References to "we," "us," "company" or "our company" are to Mason Industrial
Technology, Inc. The following discussion and analysis of the Company's
financial condition and results of operations should be read in conjunction with
the unaudited condensed financial statements and the notes thereto contained
elsewhere in this report. Certain information contained in the discussion and
analysis set forth below includes forward-looking statements that involve risks
and uncertainties.

Cautionary Note Regarding Forward-Looking Statements



This Quarterly Report on Form 10-Q includes forward-looking statements within
the meaning of Section 27A of the Securities Act of 1933, as amended (the
"Securities Act"), and Section 21E of the Securities Exchange Act of 1934, as
amended (the "Exchange Act"). We have based these forward- looking statements on
our current expectations and projections about future events. These
forward-looking statements are subject to known and unknown risks, uncertainties
and assumptions about us that may cause our actual results, levels of activity,
performance or achievements to be materially different from any future results,
levels of activity, performance or achievements expressed or implied by such
forward-looking statements. In some cases, you can identify forward-looking
statements by terminology such as "may," "should," "could," "would," "expect,"
"plan," "anticipate," "believe," "estimate," "continue," or the negative of such
terms or other similar expressions. Factors that might cause or contribute to
such a discrepancy include, but are not limited to, those described in our other
U.S. Securities and Exchange Commission ("SEC") filings.

Overview



We are a blank check company incorporated as a Delaware corporation and formed
for the purpose of effecting a merger, capital stock exchange, asset
acquisition, stock purchase, reorganization or similar business combination with
one or more businesses, which we refer to throughout this Annual Report as our
initial business combination. We consummated our initial public offering on
February 2, 2021.

We currently intend to concentrate our efforts in identifying businesses in the
industrial technology, advanced materials or specialty chemicals industries
(collectively, "Advanced Industrials"). A common theme across these sectors is
the application of technology to make industrial processes more profitable,
faster, more sustainable, less capital-intensive and less complex. Specifically,
we intend to identify businesses that apply innovative technology to
engineering, production, assembly and manufacturing. These innovations include a
wide range of automation, analytics and productivity tools, as well as control
systems, high precision technologies, sustainability technologies, high
performance computing and robotics. These technologies enable companies to
confront numerous challenges inherent in their daily operations, such as rising
wage rates, globalization, increased regulation, higher quality standards,
heightened focus on sustainability and tighter timelines. We are also interested
in companies that participate in market segments that are adjacent to Advanced
Industrials. We believe that there are many potential targets within Advanced
Industrials that could become attractive public companies. These potential
targets exhibit a broad range of business models and financial characteristics,
with enterprise values ranging between $1 billion and $3 billion. They span a
wide continuum that includes both high growth emerging companies and mature
businesses with established growth profiles, recurring revenues and strong cash
flows. They are generally characterized by strong intellectual property,
differentiated product offerings, compelling customer value propositions and
corporate cultures that are data-driven and innovative.

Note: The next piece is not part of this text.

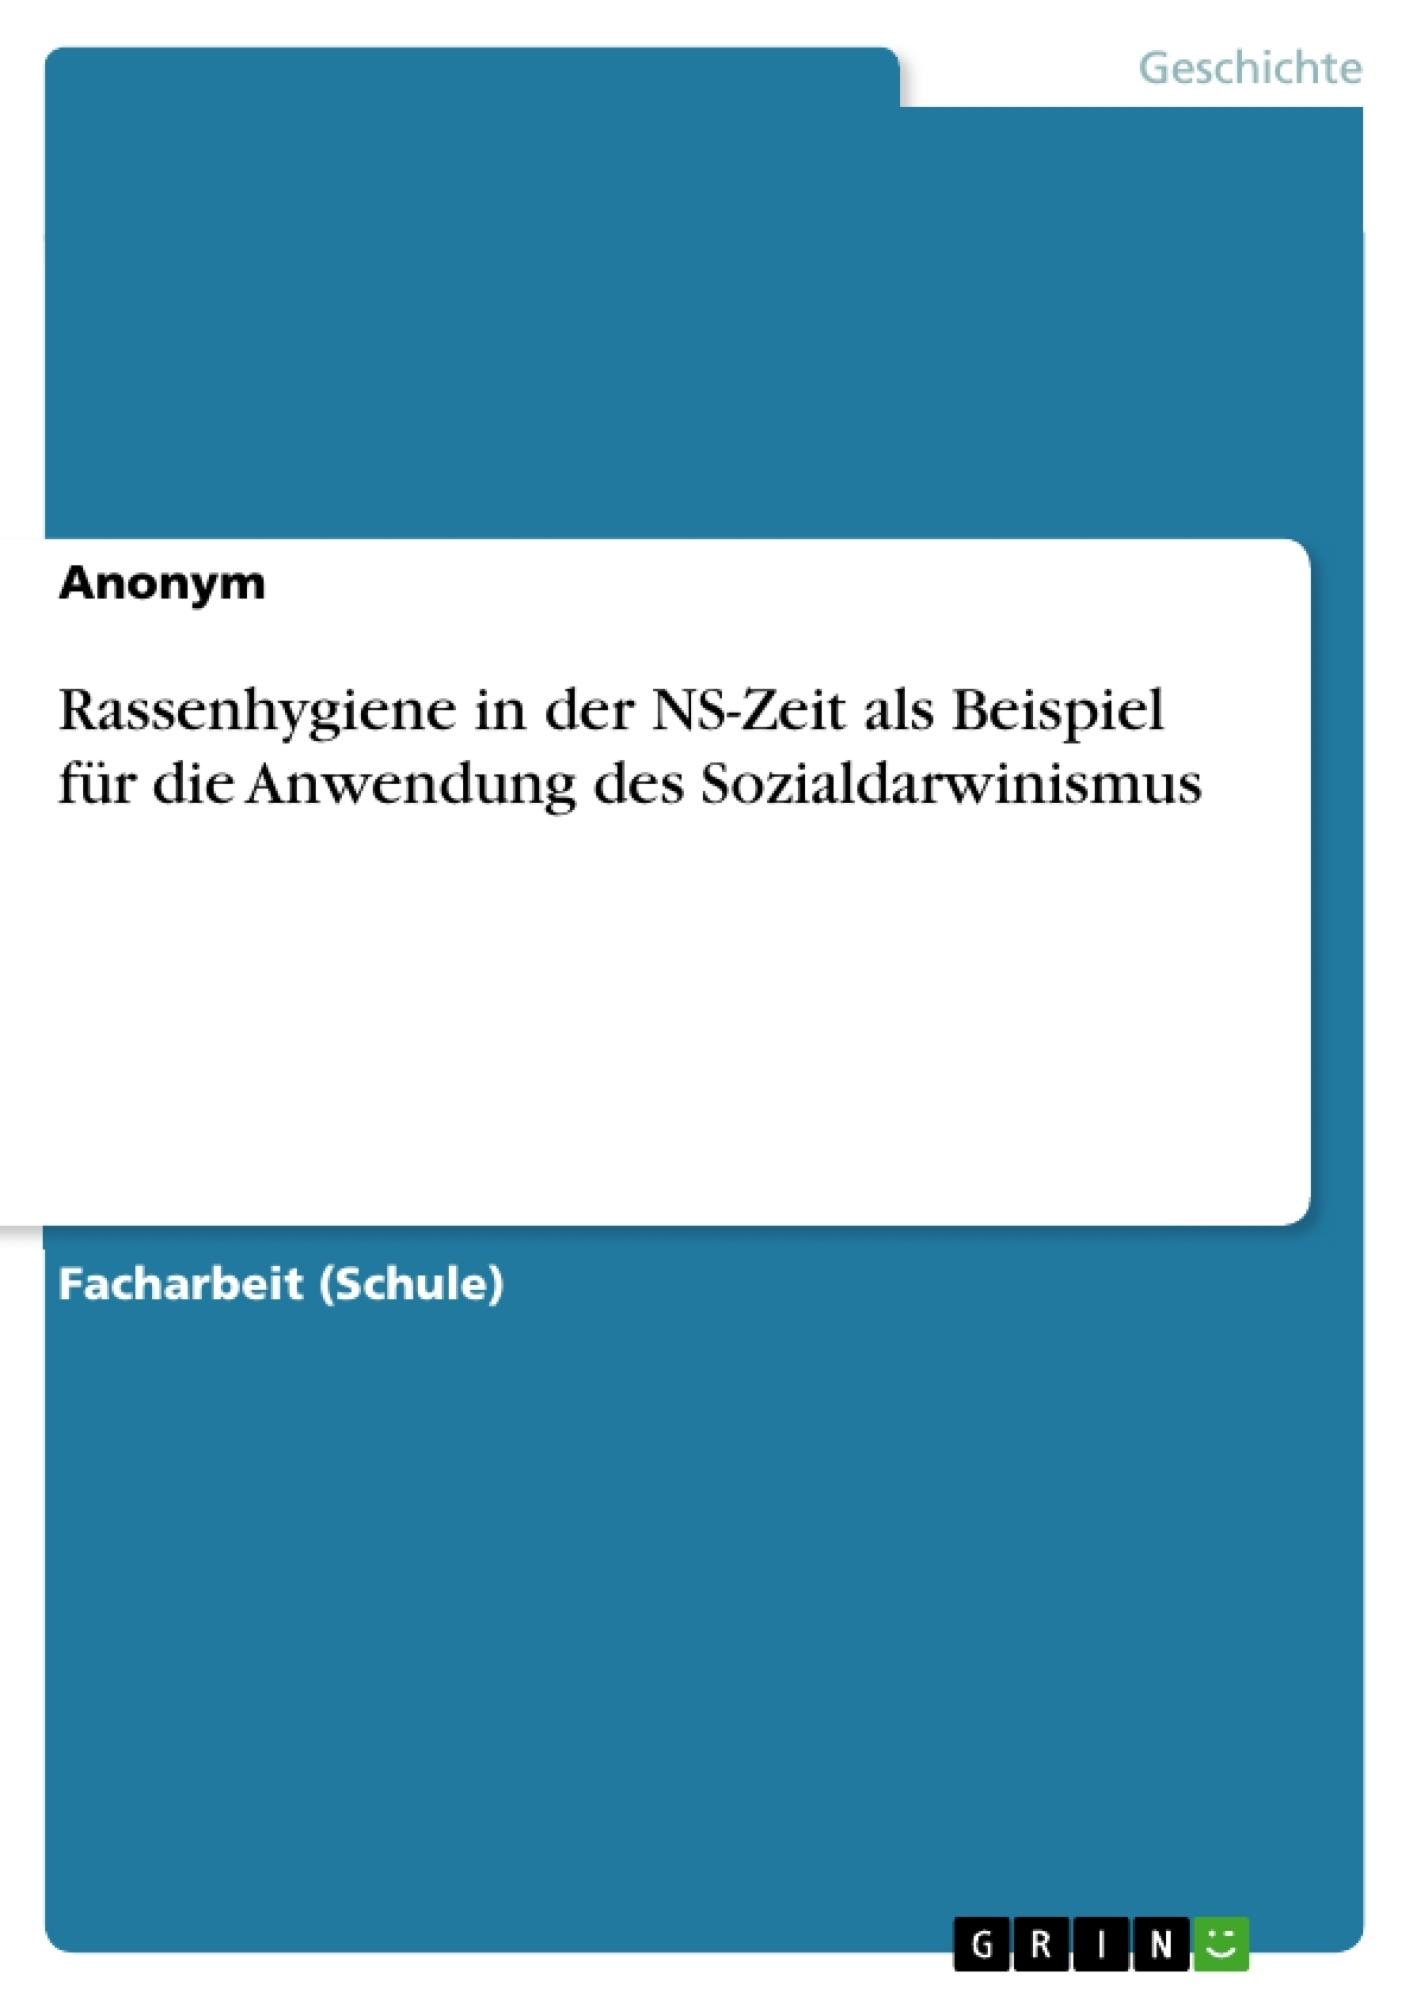 Titel: Rassenhygiene in der NS-Zeit als Beispiel für die Anwendung des Sozialdarwinismus

We are not, however, required to complete our initial business combination with
an Advanced Industrials business and, as a result, we may pursue a business
combination outside of this industry. We are seeking to acquire a mature
businesses that we believe are fundamentally sound, yet which could benefit from
additional financial, operational, strategic or managerial resources to achieve
maximum value potential. We are also targeting earlier stage, yet established,
companies that exhibit the potential to disrupt the market segments in which
they participate through innovation and which offer the potential of sustained
high levels of revenue growth.

Our sponsor is affiliated with and controlled by Mason Capital, a registered
investment adviser under the Investment Advisers Act of 1940, as amended, which
was established in 2000 and had over $1.4 billion of assets under management as
of September 30, 2022.

Results of Operations

We have neither engaged in any operations nor generated any revenues to date.
All activity from our inception through the date of our IPO, February 2, 2021,
was in preparation for our IPO. Since our IPO, our activity has been limited to
the evaluation of Business Combination candidates. We do not expect to generate
any operating revenues until the closing and completion of our Business
Combination. We expect to generate non-operating income in the form of interest
income on marketable securities held after the IPO. We incur increased expenses
as a result of being a public company (for legal, financial reporting,
accounting and auditing compliance), as well as for due diligence expenses.

Comparison of the three months ended September 30, 2022 versus September 30, 2021



For the three months ended September 30, 2022, we had a net income of $4,194,536
which was primarily driven by a $2,548,000 gain from changes in fair value of
derivative liabilities, $2,260,666 of interest income on marketable securities
held in the Trust Account, and a $151,906 gain from change in fair value of the
derivative FPA. This was offset by general and administrative expenses of
$251,802, $464,234 of income tax expense, and $50,000 of franchise tax expense.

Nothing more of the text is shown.